Prof Awam Amkpa somewhat added to Makin’s overload when he revealed that the Nobel Laureate had warned him that he should “avoid my son Makin before he misleads you!”
There was even the case of Makin driving the legendary musicologist Steve Rhodes from Lagos to Soyinka’s home in the topsy-turvy terrain of the woods of Ijegba Republic in Abeokuta, Ogun State, only for Kongi to visibly feel sorry for the musicologist for surviving a ride with his son!
Makin’s mother happens to feel for Makin’s wife for the onerous duty of having two Soyinkas in her young life – one as a husband and the other as a father-in-law!
By the turn of midnight, Jahman Anikulapo revealed that Makin had like Mungo Park discovered where hot amala was sold at the ungodly hours on Awolowo Road, Ikoyi.
Theo Lawson and Makin left with their spouses, obviously to make more discoveries of prisons and amala joints.
Our oyibo friend, the Frenchman Pascal Ott, who has more African brotherhood in his system than all the Nigerian prisoners in Theo Lawson’s Prison, brought along Benson Eluma to join up with Jahman Anikulapo, Yinka Davies, Muma Gee and my poor self for a trip to the hot amala place on Awolowo Road.

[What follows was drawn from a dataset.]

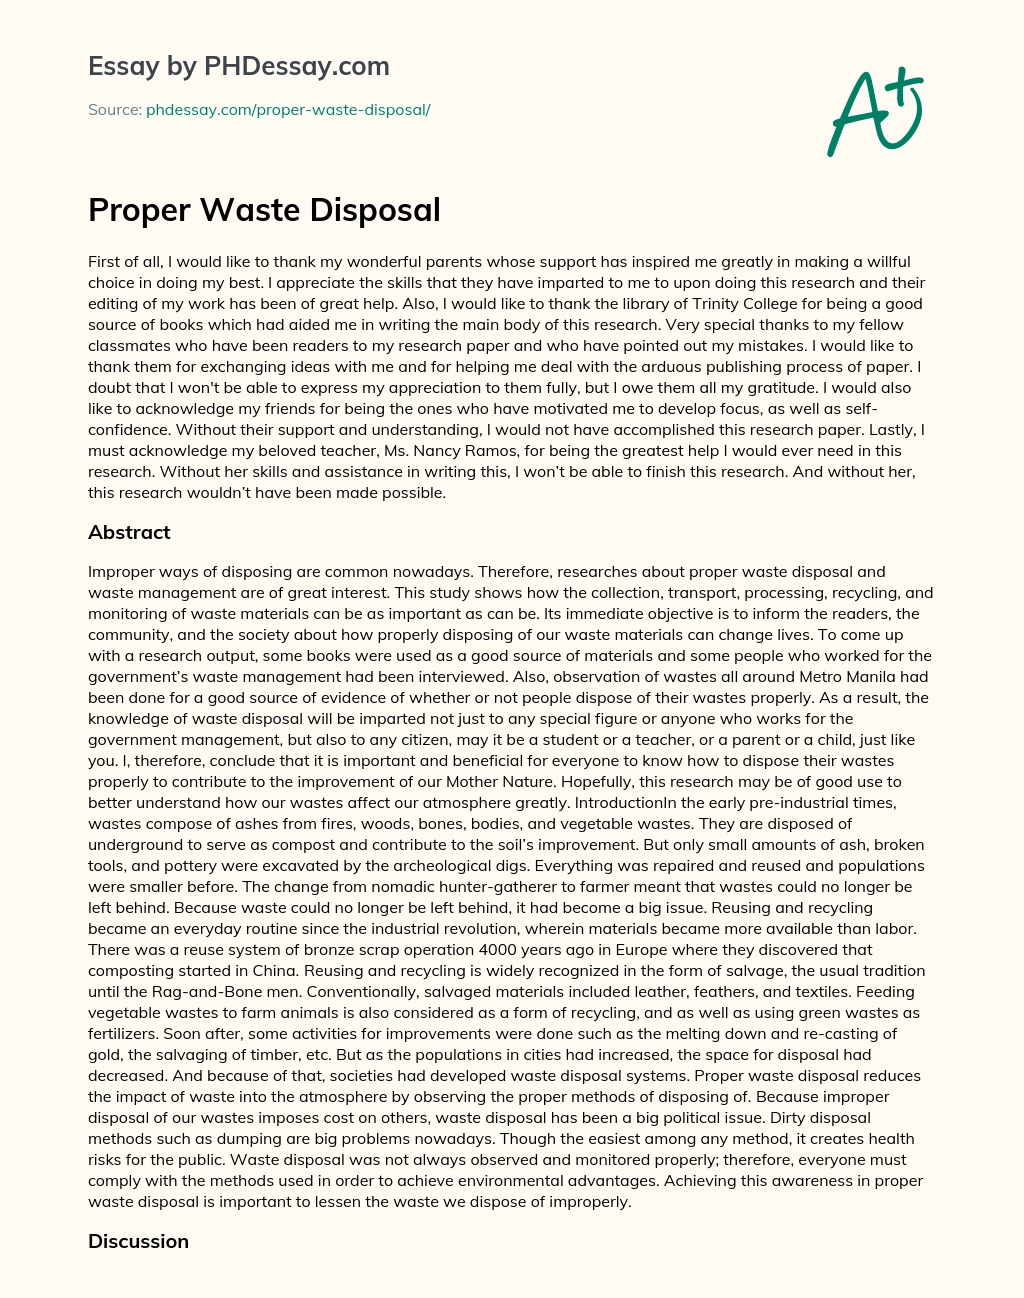 Proper Waste Disposal essay

Once we got there, Benson Eluma fell fast asleep on the couch and never ate any amala. Yinka Davies and Muma Gee concluded that he had been knocked out by beer. We had to wake him up when were leaving.
I hit my bed in a jiffy to catch a whiff of sleep.

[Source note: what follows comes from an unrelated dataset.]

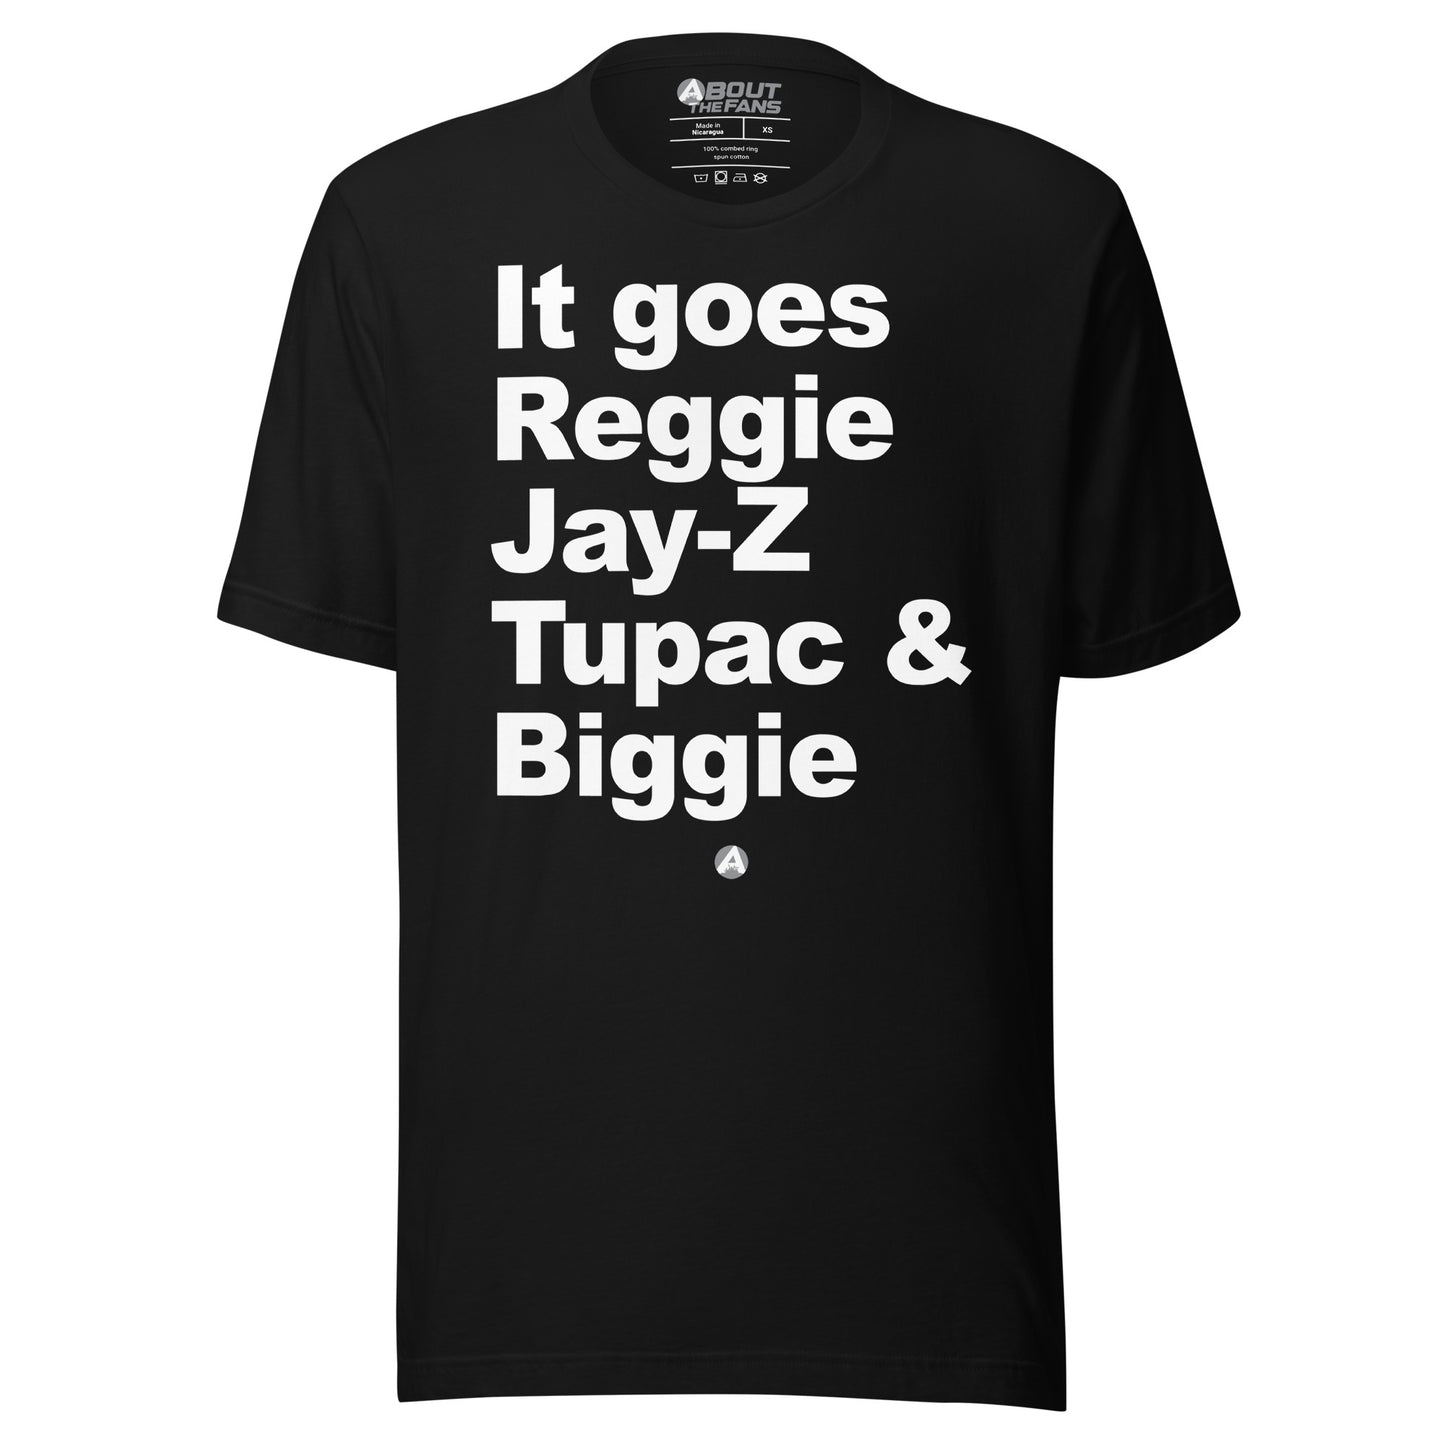 It goes Reggie ... Shirt

I woke up later only to learn from Pascal that he was kidnapped by the selfsame Benson Eluma whom we thought had been finished by beer.
Poor Pascal, he had to buy his freedom – as Benson Eluma demanded – with a ransom of four beers that early morning!
I swear by Fela’s Shrine – Yeeeepaaaa – Anything can happen inside Theo Lawson’s Prison!